"Eek! A Male! Treating all men as potential predators doesn't make our kids safer."
http://online.wsj.com/article/SB10001424052748703779704576073752925629440.html
The title and link above are to an awesome article from the Wall Street Journal recently.
As a parent, my primary concern is keeping my children safe from potential dangers, including abuse. But I'm not one who suffers from what some have called "Pedophile Panic." I do not see all men as potential threats. But my eyes and ears are always wide open.
On the radio today, two DJs were talking about a stay at home dad (in California) who picked his children up from school every day to walk them home safely.

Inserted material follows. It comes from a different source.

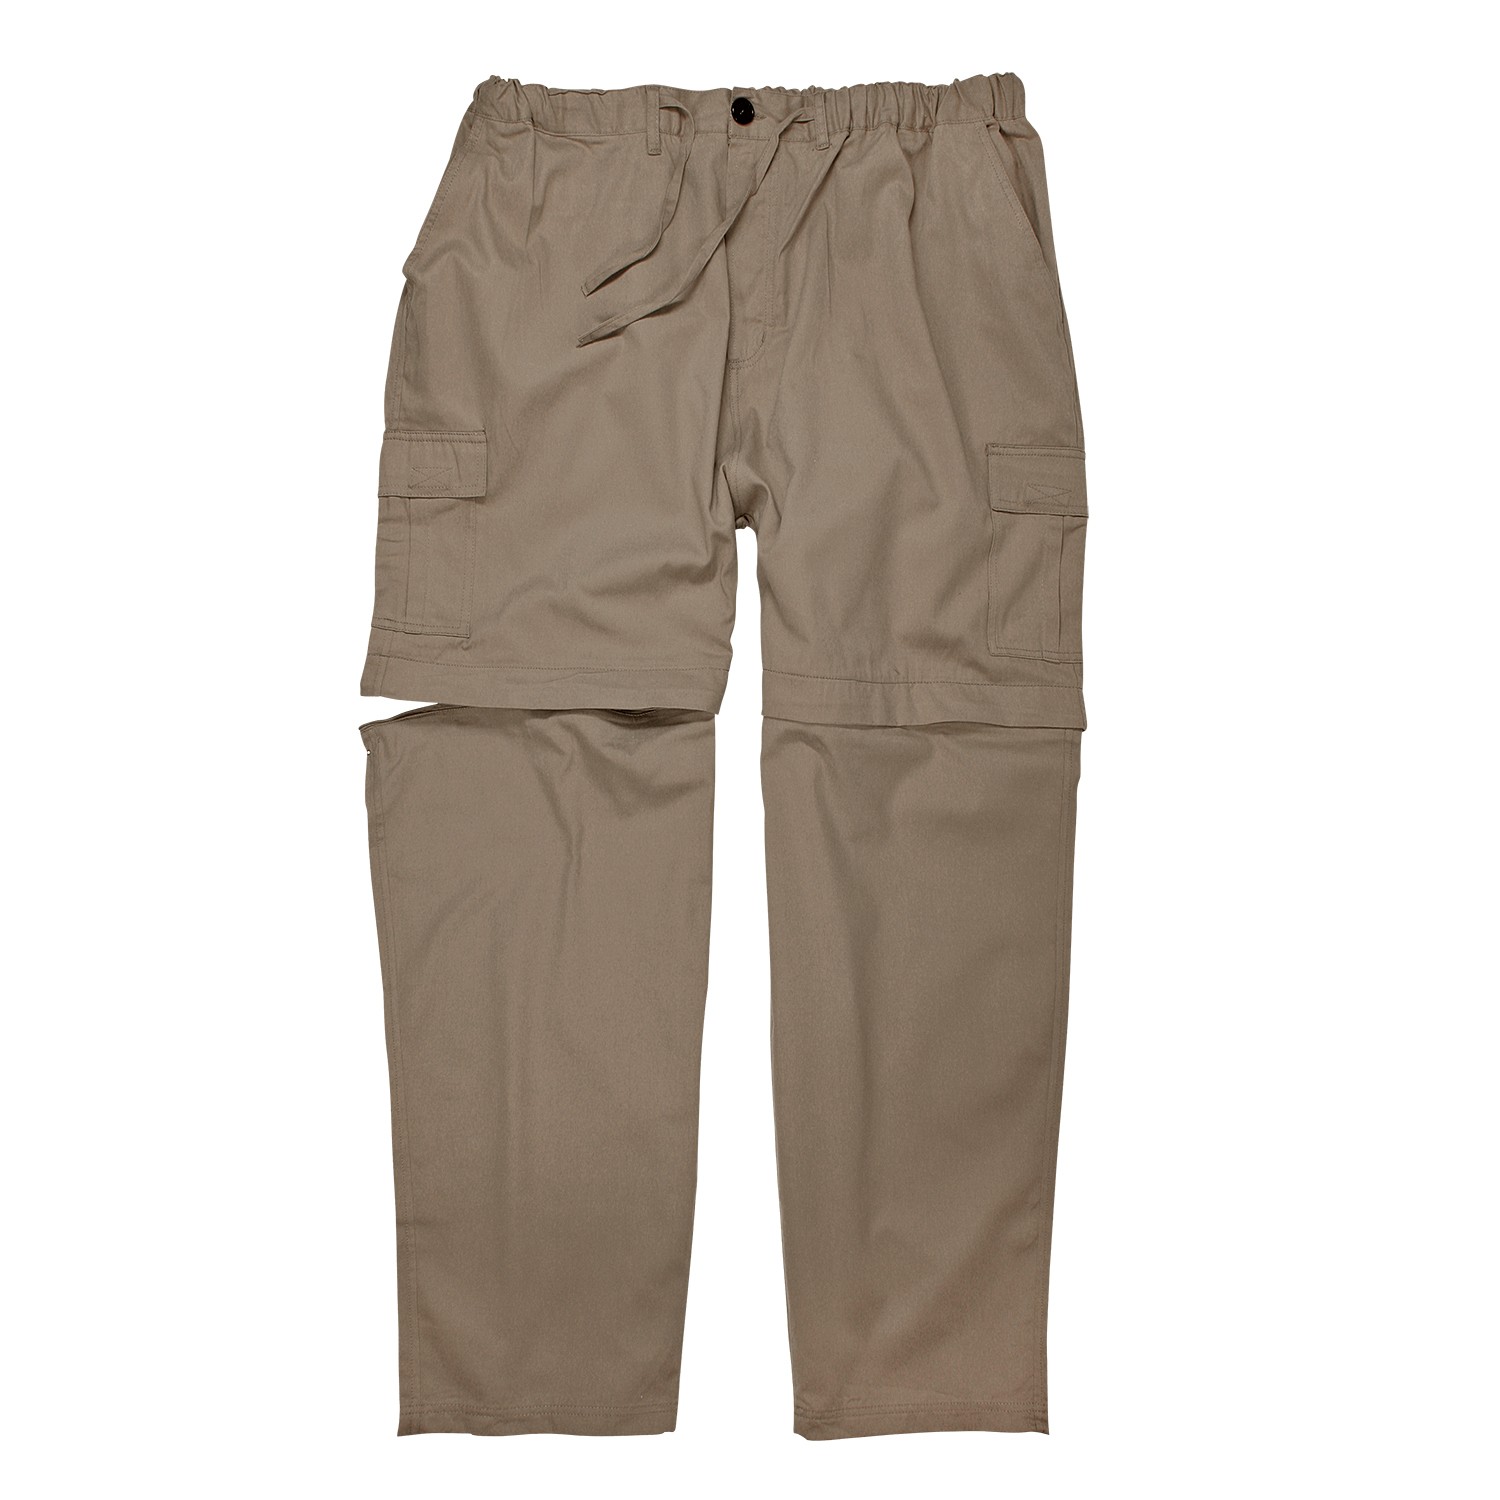 Khaki zip-off-trousers from Abraxas in oversizes until 10XL

His experiences walking his kids home from school have included parents seeing him walk off campus with his (own) kids calling 911, cops coming rushing up, him having to prove he's his kids' parent, other parents (all moms!!!) rushing up to scream "That's him!!! That's the perp!!!!" etc. A yard duty lady even freaked out as he was leaving campus (after school!!) with his OWN kids and started jumping up and down making a big commotion, waving her hands trying to get "help." Yep. She needs help alright.
Increasingly, all men seem to be seen as potential predators, in virtually all contexts. This is so friggin' sad! I have a friend who is gay and also happens to be a kindergarden teacher. Each year, there's one or two parents who pull their daughters out of his class at the beginning of the year when they find out they have a male teacher, for fear that this gay kindergarden teacher will molest them. "I don't want to risk that he will touch my daughter!!!" one parent told the principal. I mean, OMG!!! WTH. Total idiots. (No boys have ever been withdrawn from his class, only girls). I'm sorry, but I'd be very happy if my daughters had all gay male teachers all the way through their education. Gay men are great! But that's another topic for discussion.
Men are not inherently dangerous. Neither are women. But men seem to freak us out as a society.
I am not going to copy and paste the article on here due to respecting copyright issues. I will give a preview, and for those interested in discussing, follow the link above.
The preview:
Last week, the lieutenant governor of Massachusetts, Timothy Murray, noticed smoke coming out of a minivan in his hometown of Worcester. He raced over and pulled out two small children, moments before the van's tire exploded into flames. At which point, according to the AP account, the kids' grandmother, who had been driving, nearly punched our hero in the face.
Why?
Mr. Murray said she told him she thought he might be a kidnapper.